Instructions for the task:
Output the listing below verbatim, but drop the images.

Dataset extract:

■ ■ ■ ■ ■ ■ ■

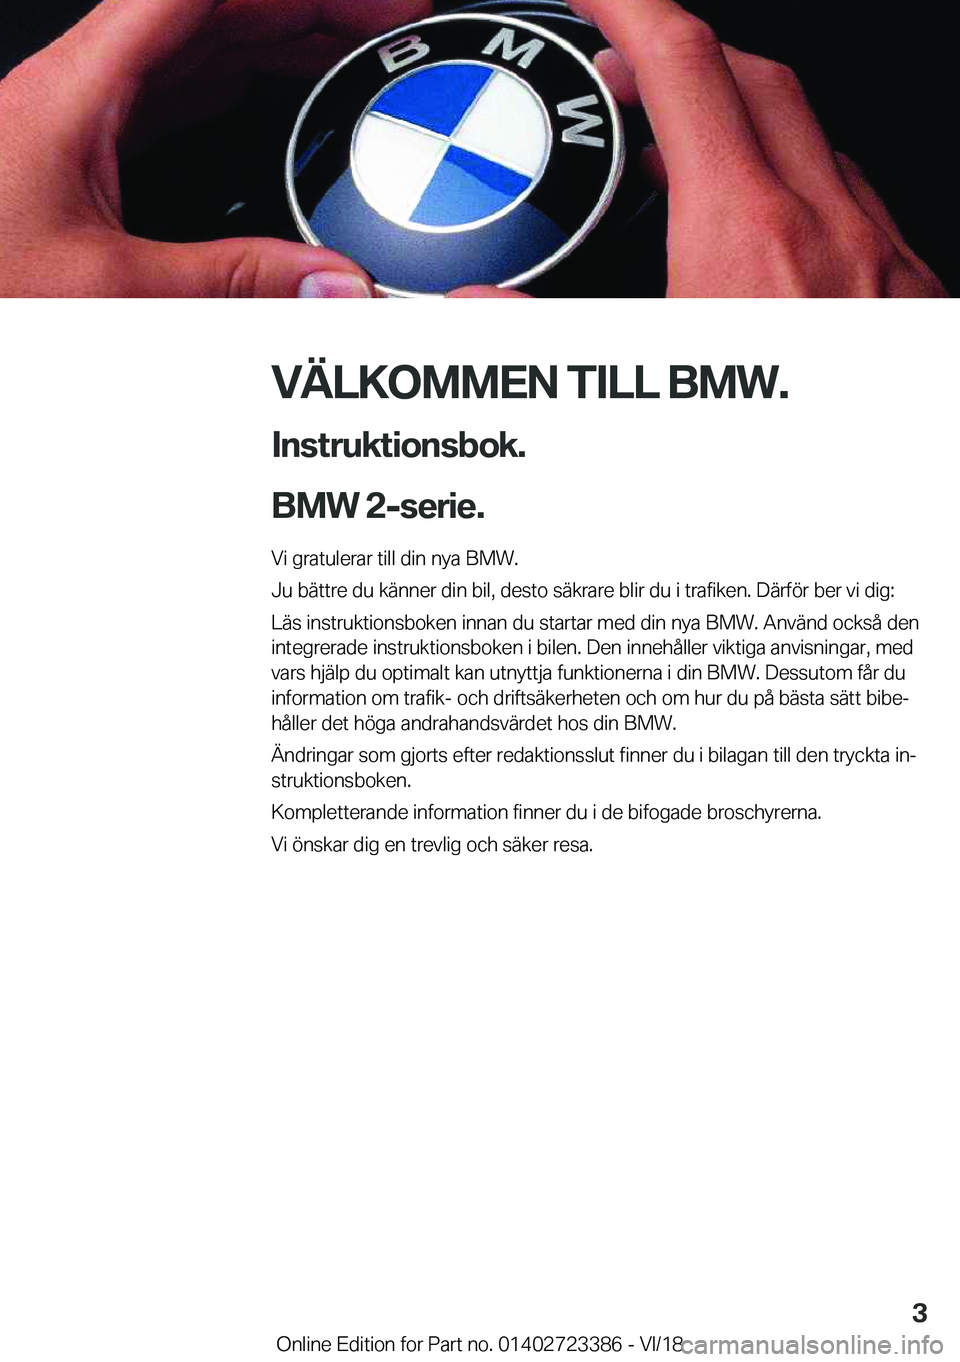 BMW 2 SERIES COUPE 2019  InstruktionsbÖcker (in Swedish) �V�Ä�L�K�O�M�M�E�N��T�I�L�L��B�M�W�.�I�n�s�t�r�u�k�t�i�o�n�s�b�o�k�.
�B�M�W��2�-�s�e�r�i�e�.�
�V�i��g�r�a�t�u�l�e�r�a�r��t�i�l�l��d�i�n��n�y�a��B�M�W�.
�J�u��b�ä�t�t�r�e��d�u��k�ä�n�n�e

■ ■ ■ ■ ■ ■ ■

Task result:
 BMW 2 SERIES COUPE 2019  InstruktionsbÖcker (in Swedish) �V�Ä�L�K�O�M�M�E�N��T�I�L�L��B�M�W�.�I�n�s�t�r�u�k�t�i�o�n�s�b�o�k�.
�B�M�W��2�-�s�e�r�i�e�.�
�V�i��g�r�a�t�u�l�e�r�a�r��t�i�l�l��d�i�n��n�y�a��B�M�W�.
�J�u��b�ä�t�t�r�e��d�u��k�ä�n�n�e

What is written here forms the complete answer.